The practical purpose of any roof is to protect the interior, the contents and the occupants of a building from rain, snow, heat, and cold.
In addition to these practical considerations, the roof should add to the appearance and character of the building, and the passing of time should only enhance its beauty and add to its intrinsic value.
The period of usefulness of the roof will depend upon the resistance of the roofing material itself and the materials with which it is laid to the action of the elements. To be permanent, the roofing material must be unaffected by the action of water, climatic changes and gaseous fumes in the air, and must also be fireproof. For economy, it should require no other material to preserve it. However, even though the material possesses these characteristics, a permanent roof will not be secured unless it is properly laid and its fastenings are selected for the same enduring qualities.
The permanent and fireproof qualities of slate make it eminently suitable for steep slope roofs. In no other roofing material will be found so many characteristics combining to offer such an alluring and indefinable variety in color, texture, and line.

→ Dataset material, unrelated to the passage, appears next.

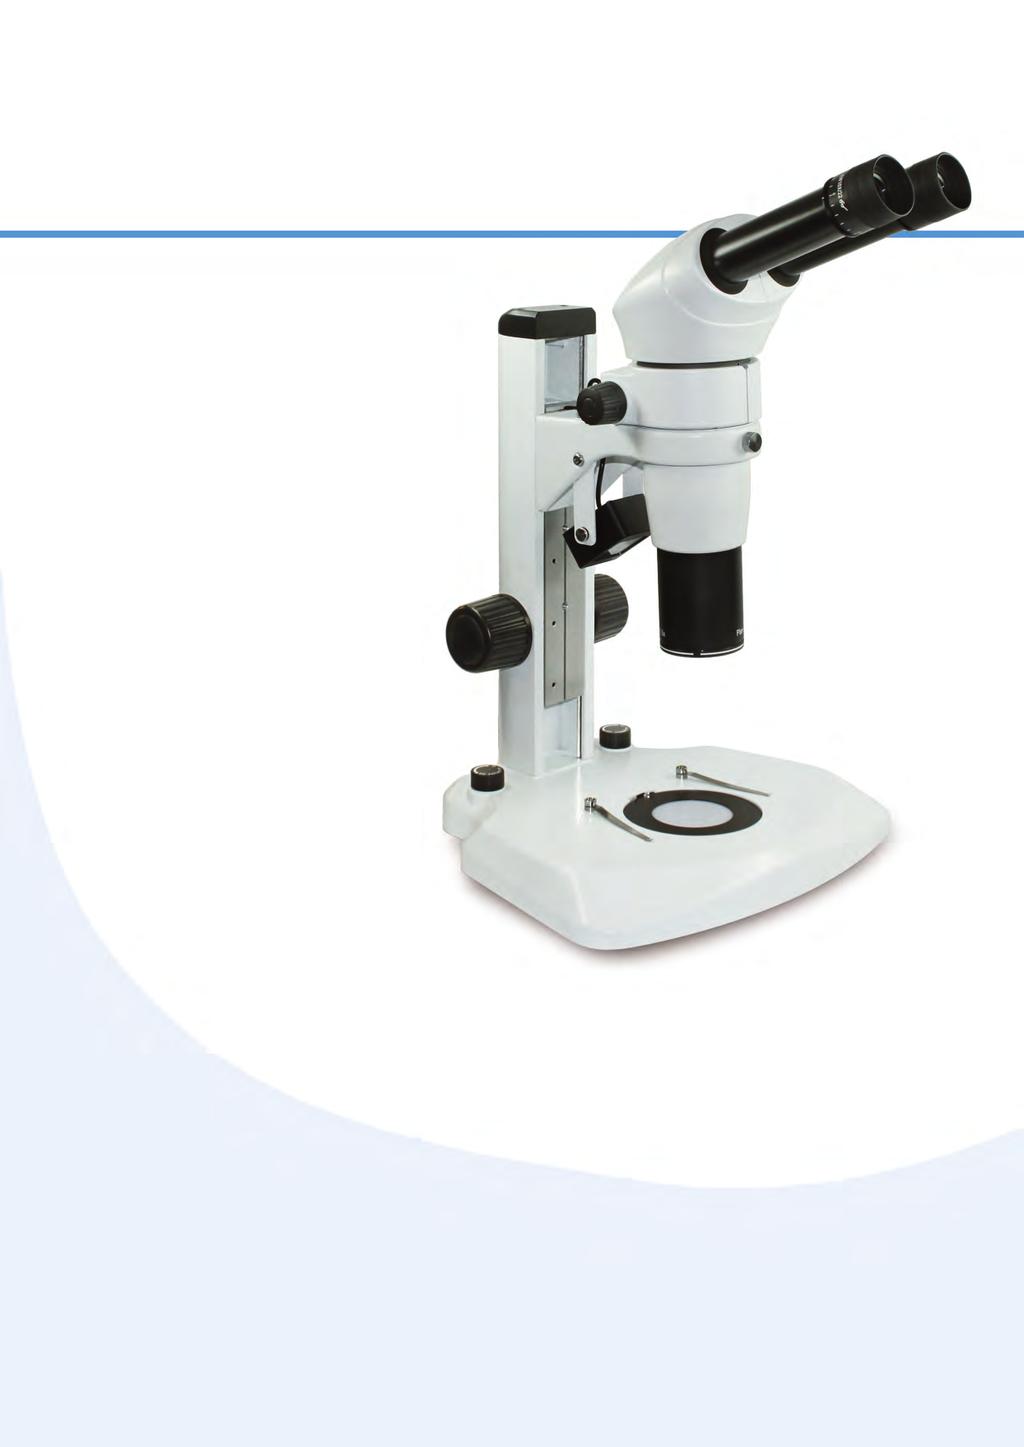 Optech Stereomicroscopes GZ 808 Series Stereomicroscope with Greenough optical system, for complete routine & research lab analysis.

This is easily understood when it is recalled that slate is stone, formed by nature to serve the diversified uses of man. It requires no admixture of materials, domestic or foreign; it needs no heat to form it and no process to manufacture it other than the handiwork of extracting it from the ground in blocks, splitting and trimming them to the desired size and thickness. Moreover, the first cost of slate is not as great as that of many fabricated products, and with its practically negligible maintenance, it becomes the least expensive roof covering available when service and appearance are taken into account. Besides annual savings in insurance rates most slates when removed from old roofs with care are as good as new.